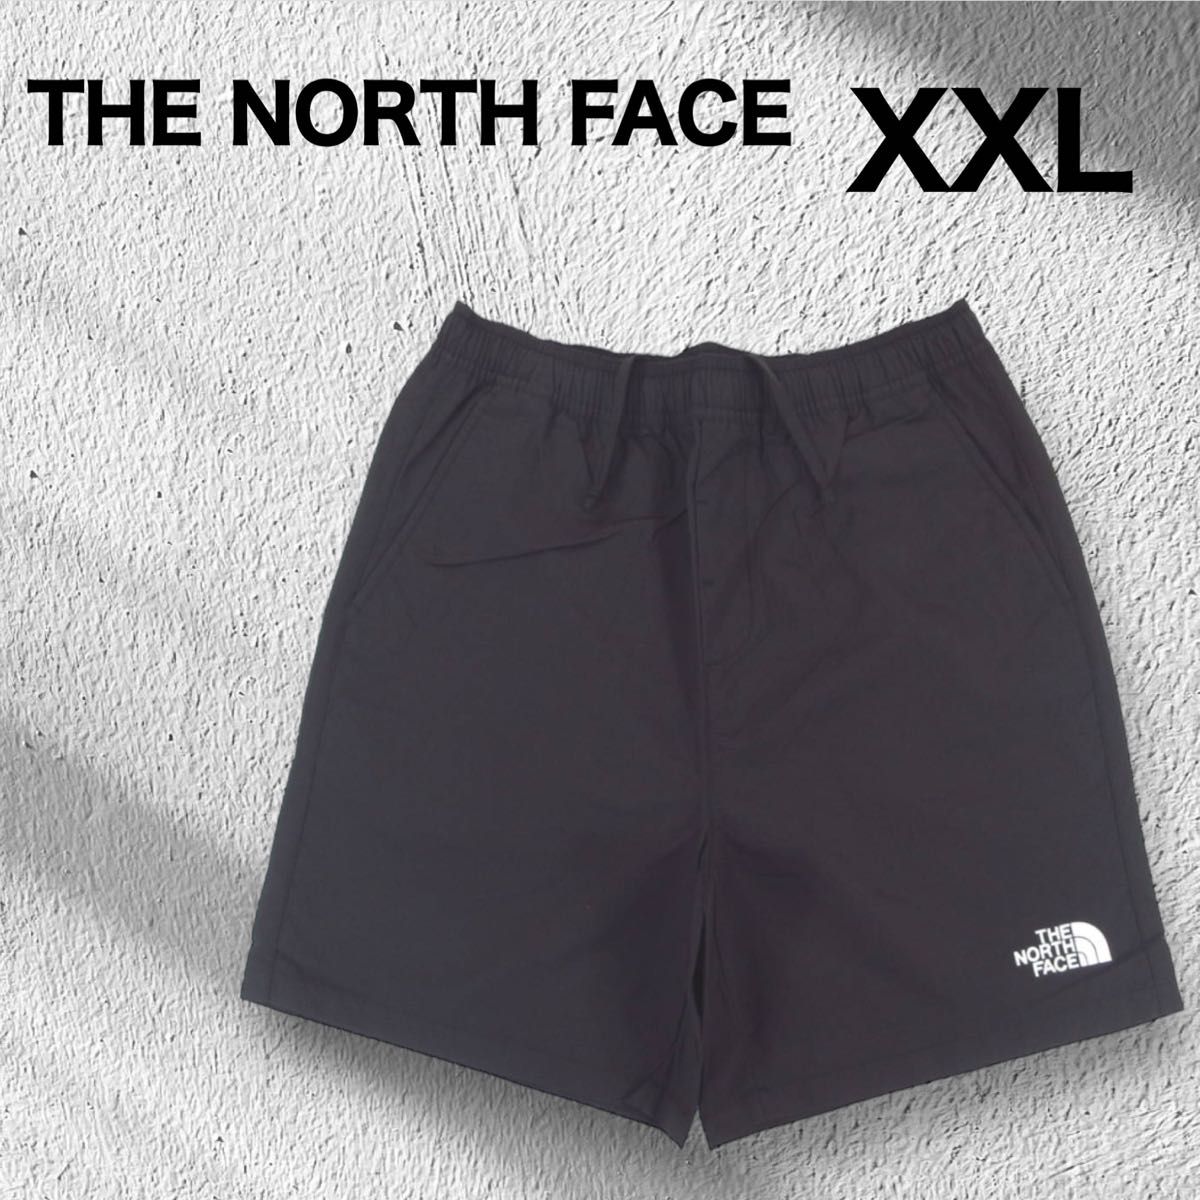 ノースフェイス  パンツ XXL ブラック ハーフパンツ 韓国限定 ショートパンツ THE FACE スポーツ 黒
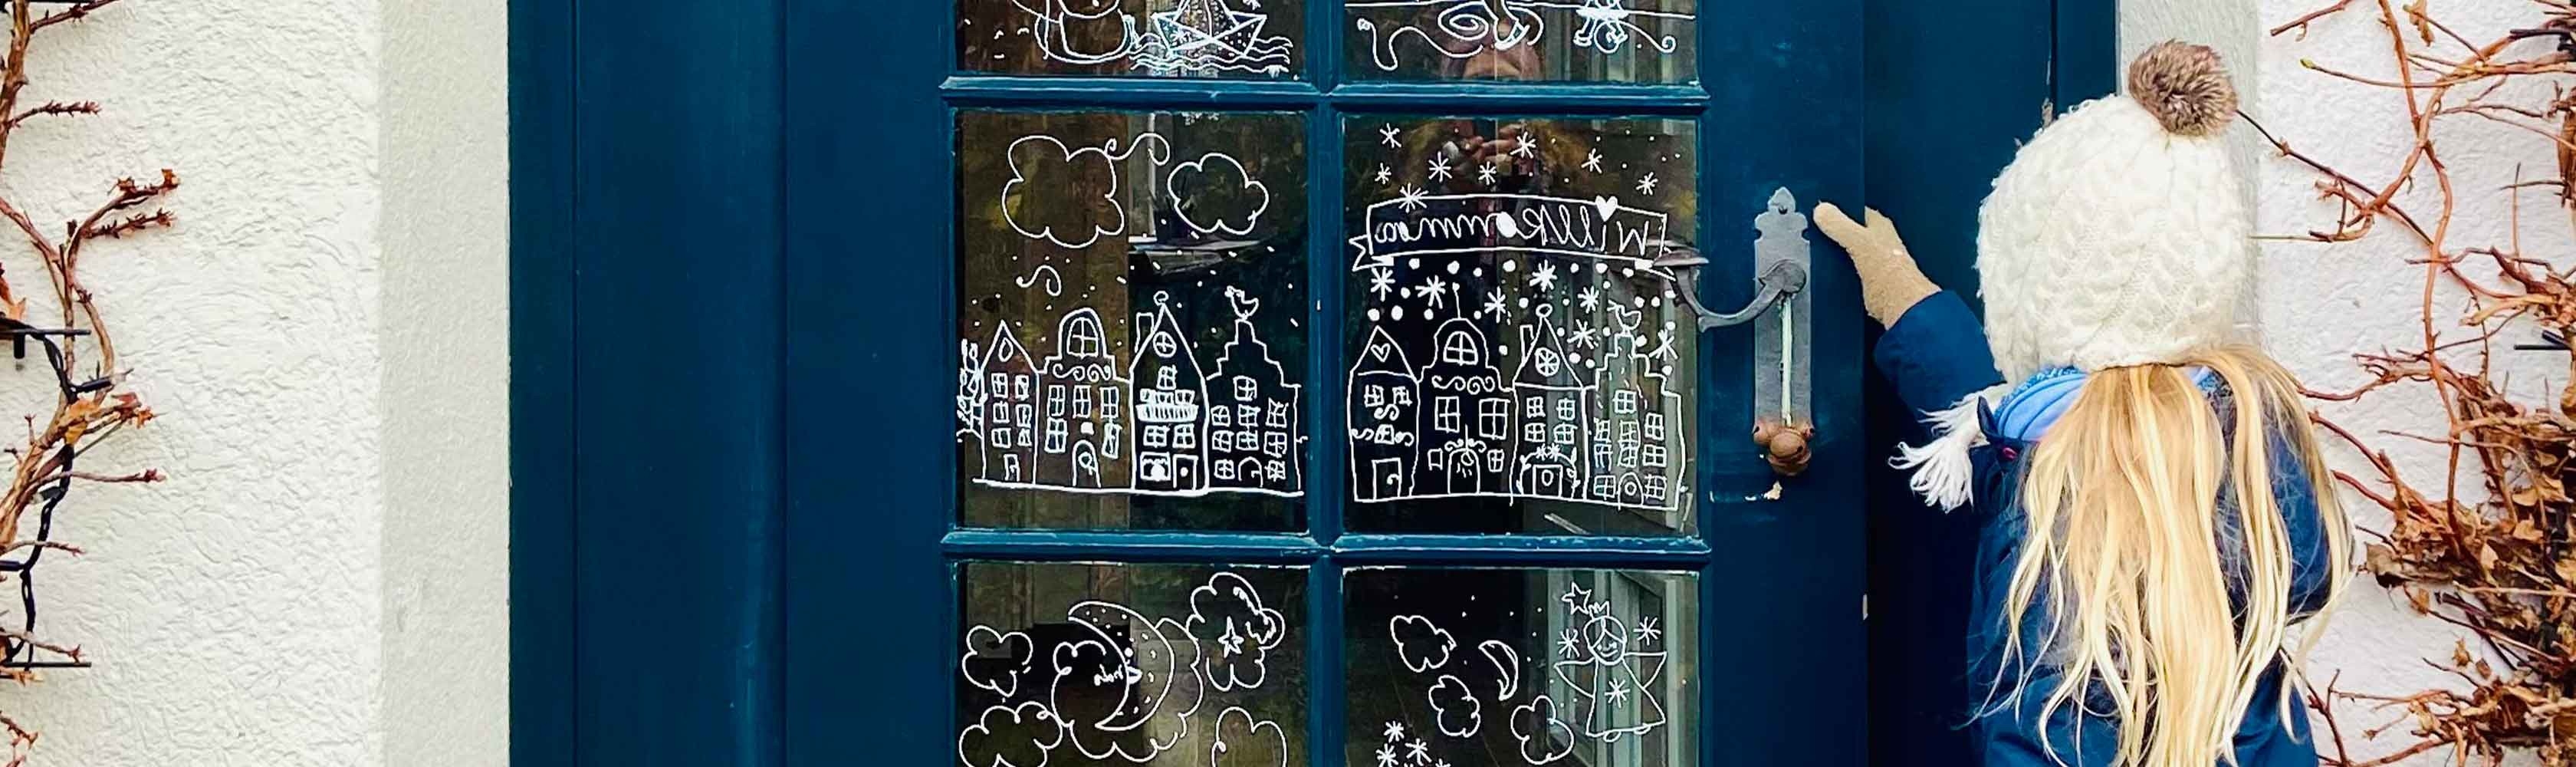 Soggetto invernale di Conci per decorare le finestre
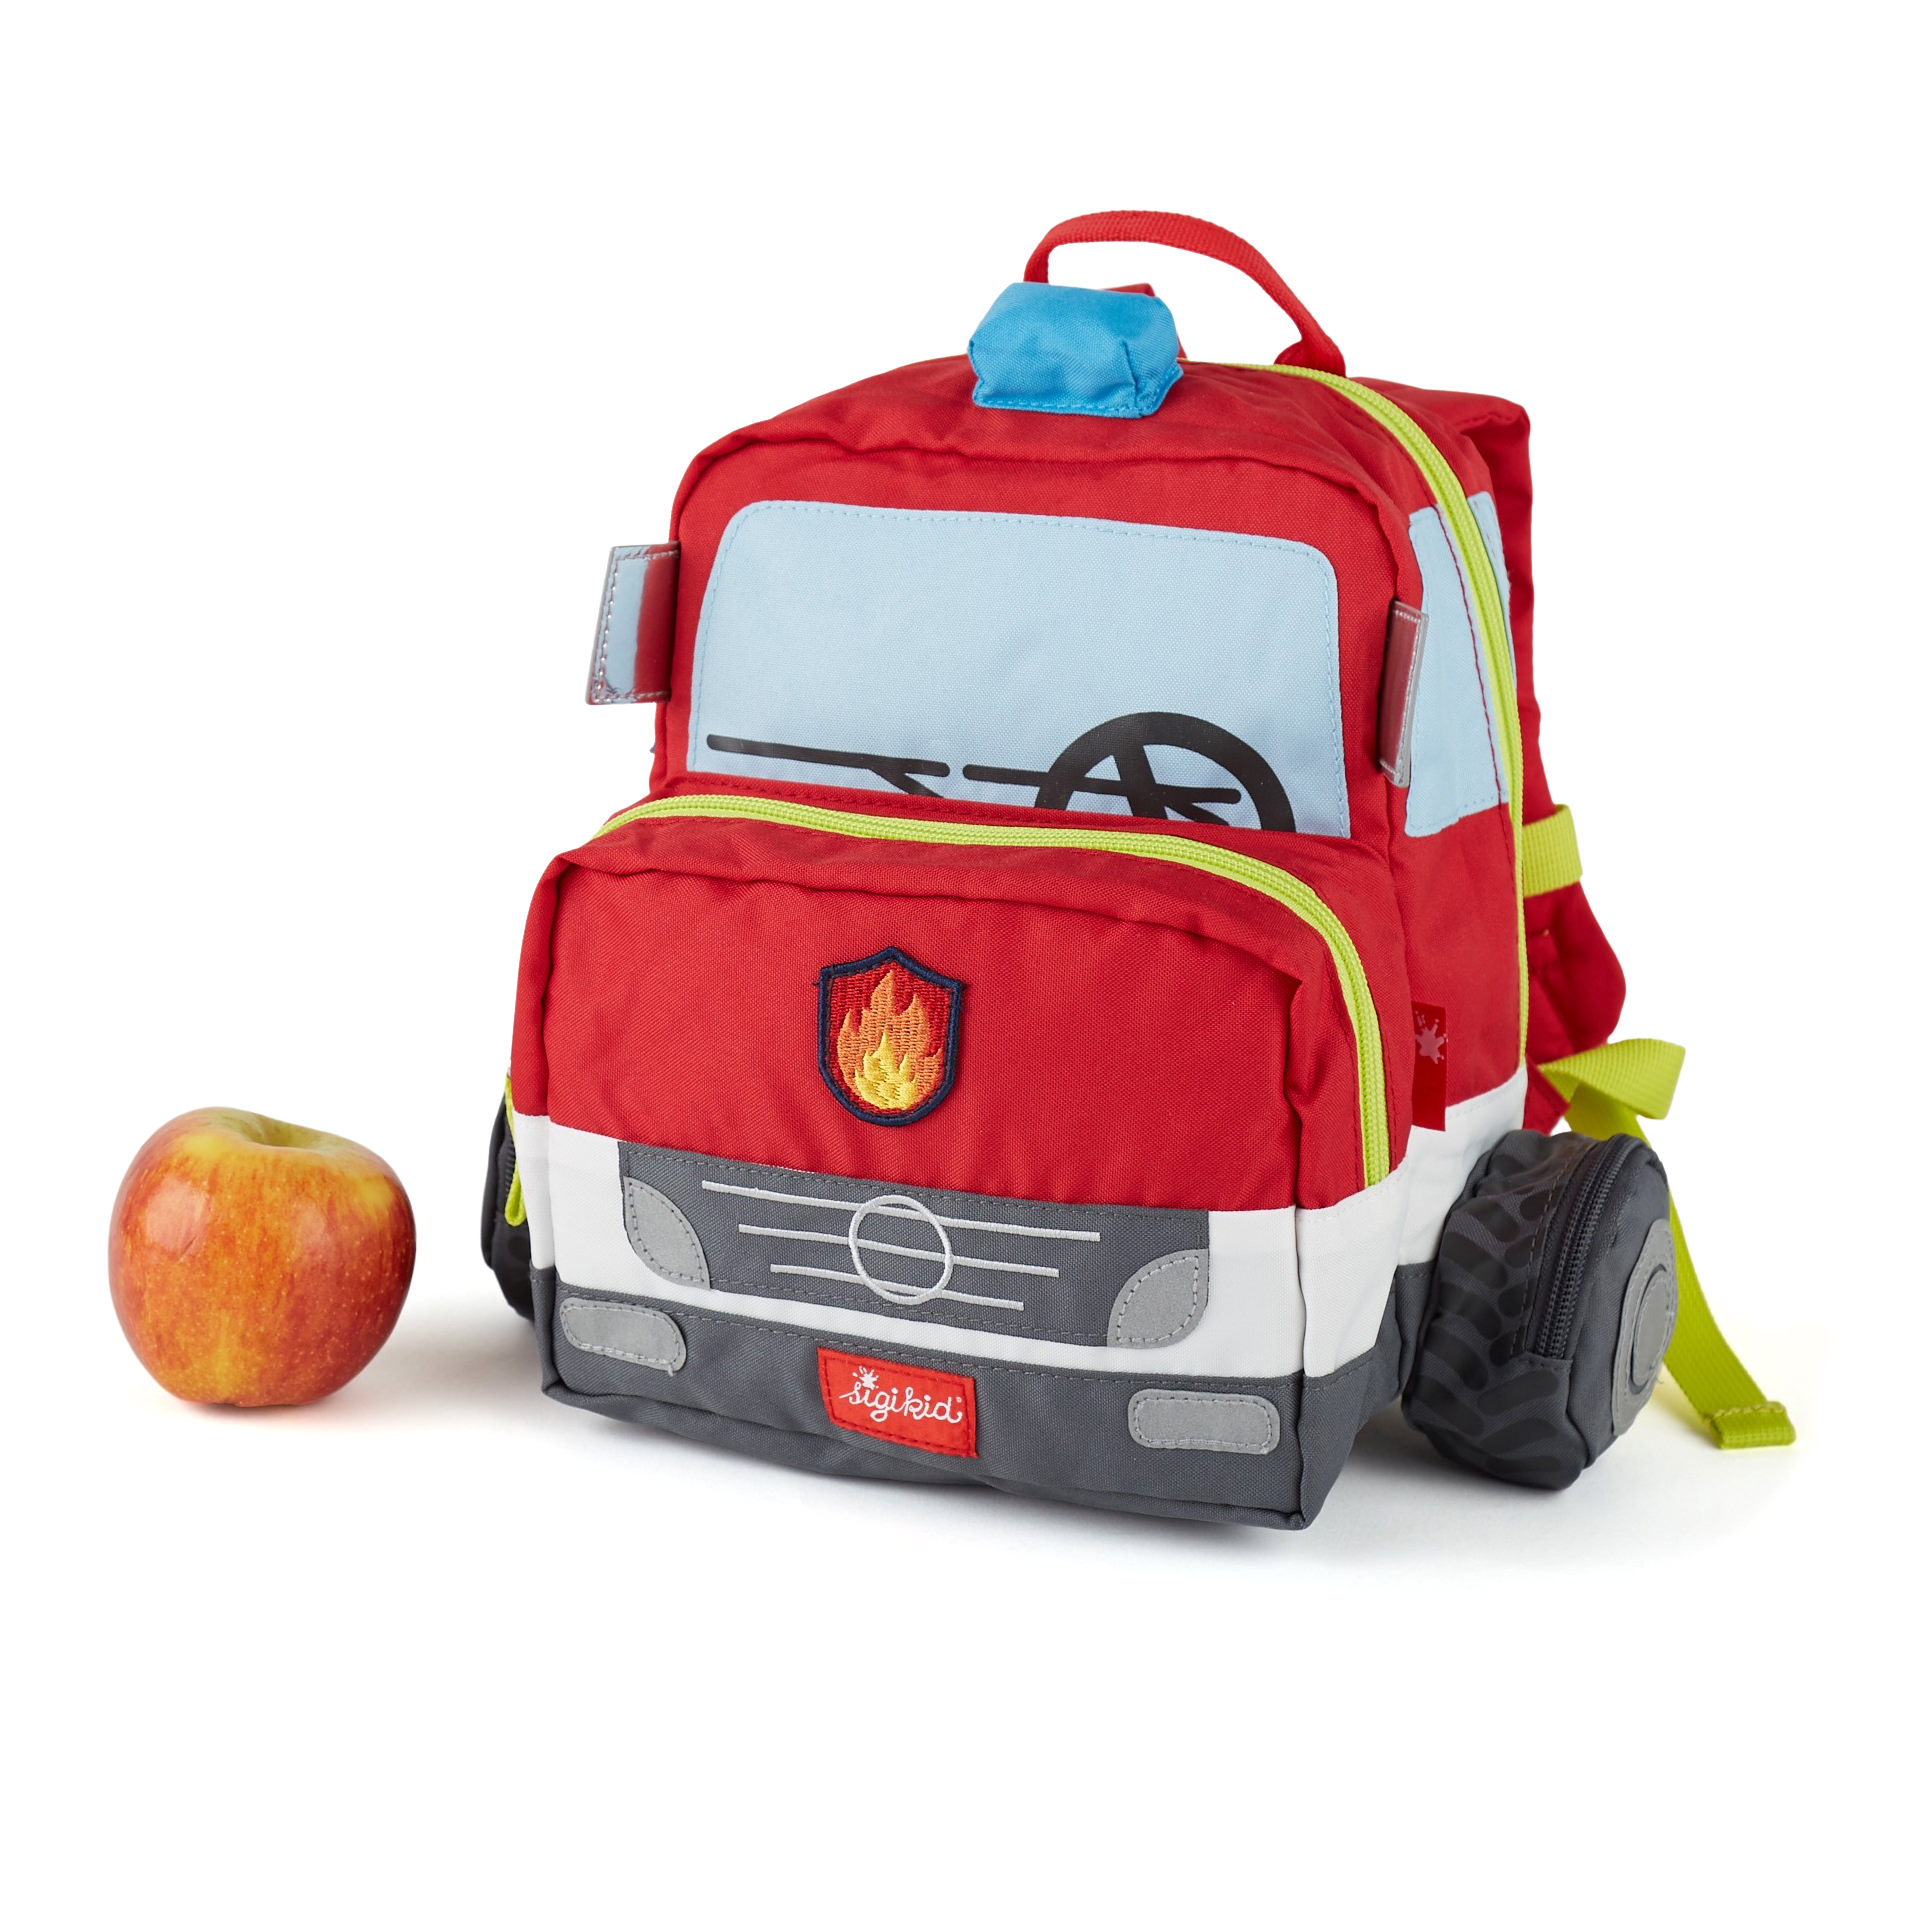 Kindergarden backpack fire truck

WHAT NEEDS TO BE DONE » Pictures aside, repeat every line of the data above exactly.

YOUR RESPONSE »
 ノースフェイス  パンツ XXL ブラック ハーフパンツ 韓国限定 ショートパンツ THE FACE スポーツ 黒
 Soggetto invernale di Conci per decorare le finestre
 Kindergarden backpack fire truck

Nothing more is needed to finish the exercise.